Your problem seems to be a C++ problem not a lua problem.
> variable called font_size. Because my functions are
> static, my variable is forced to be static.
Well yes. Do you want your functions to be static or not?
>
>
> class ConversationGameMode
> {
> public:
> static int MakeChoice(lua_State* ls);
> static int SetFontSize(lua_State* ls);
>
> private:
> // This is what I would like to do but can't
> // int font_size;
> }
> // This is what I end up doing
> static int font_size;
So do this:
class ConversationGameMode
{
public:
static int MakeChoice(lua_State* ls);
static int SetFontSize(lua_State* ls);
private:
static int font_size;
}
??
> In this example, I would like a way to encapsulate
> font_size so it isn't a static (or global) variable.
Static variables can be hidden inside classes, as I showed.

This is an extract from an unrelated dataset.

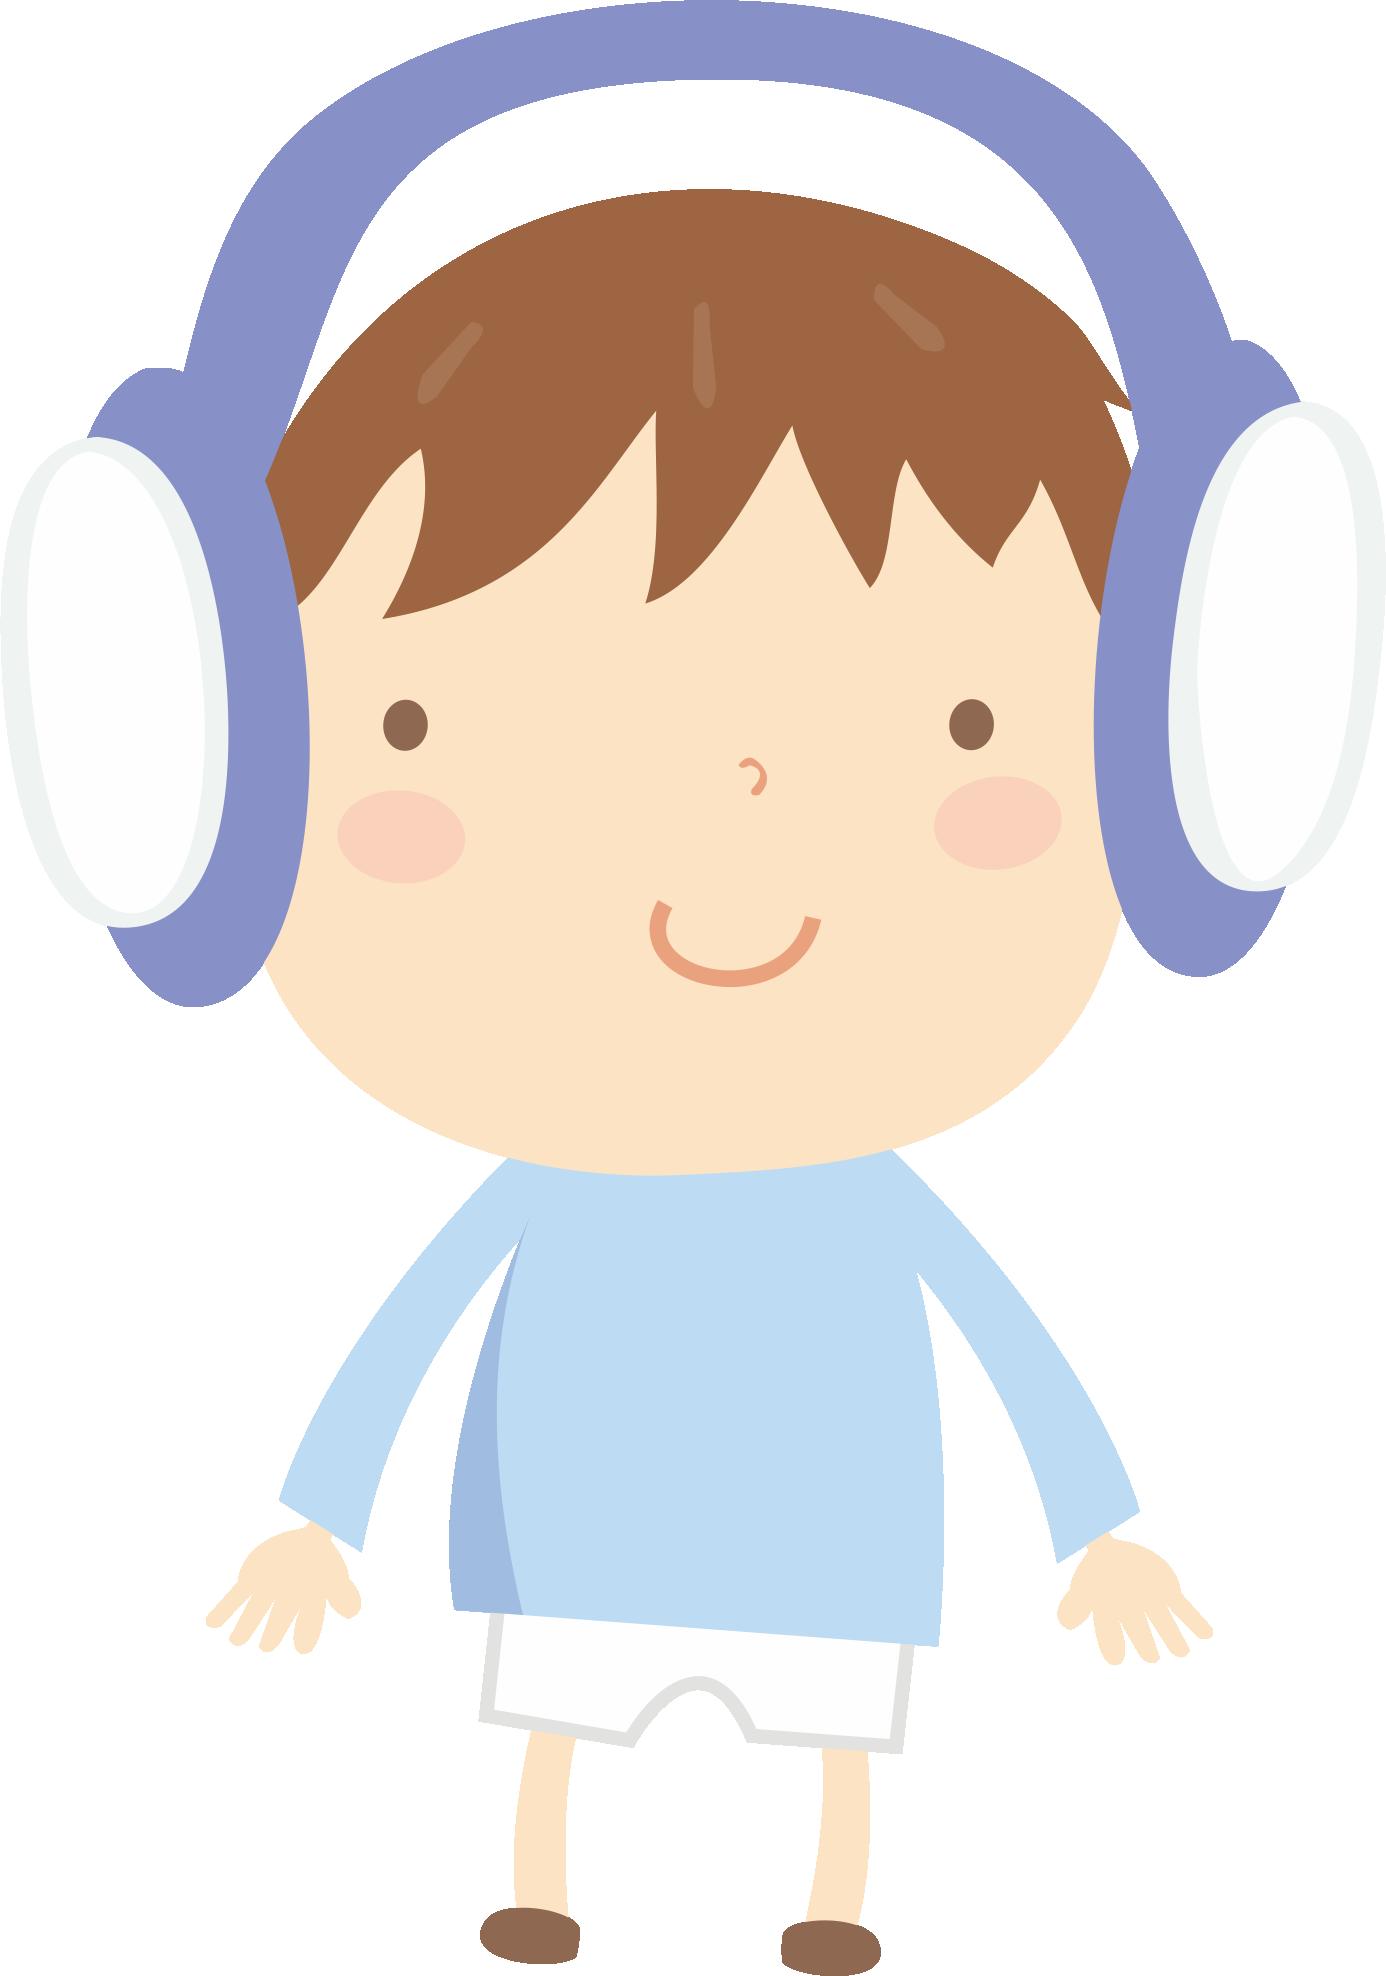 Headphone clipart boy, Headphone boy Transparent FREE for.

> These methods didn't really need to be embedded in a
> class, but it just kind of worked out that way when I
> started trying to encapsulate things, not knowing at
> the time that I had to declare things as static.
> However, even as regular C/C++ functions, I still
> don't know how to make font_size accessable without
> making it static or global.
Well, there's global scope or file scope.
Or you can have static local variables in your functions. This
probably isn't what you want, though.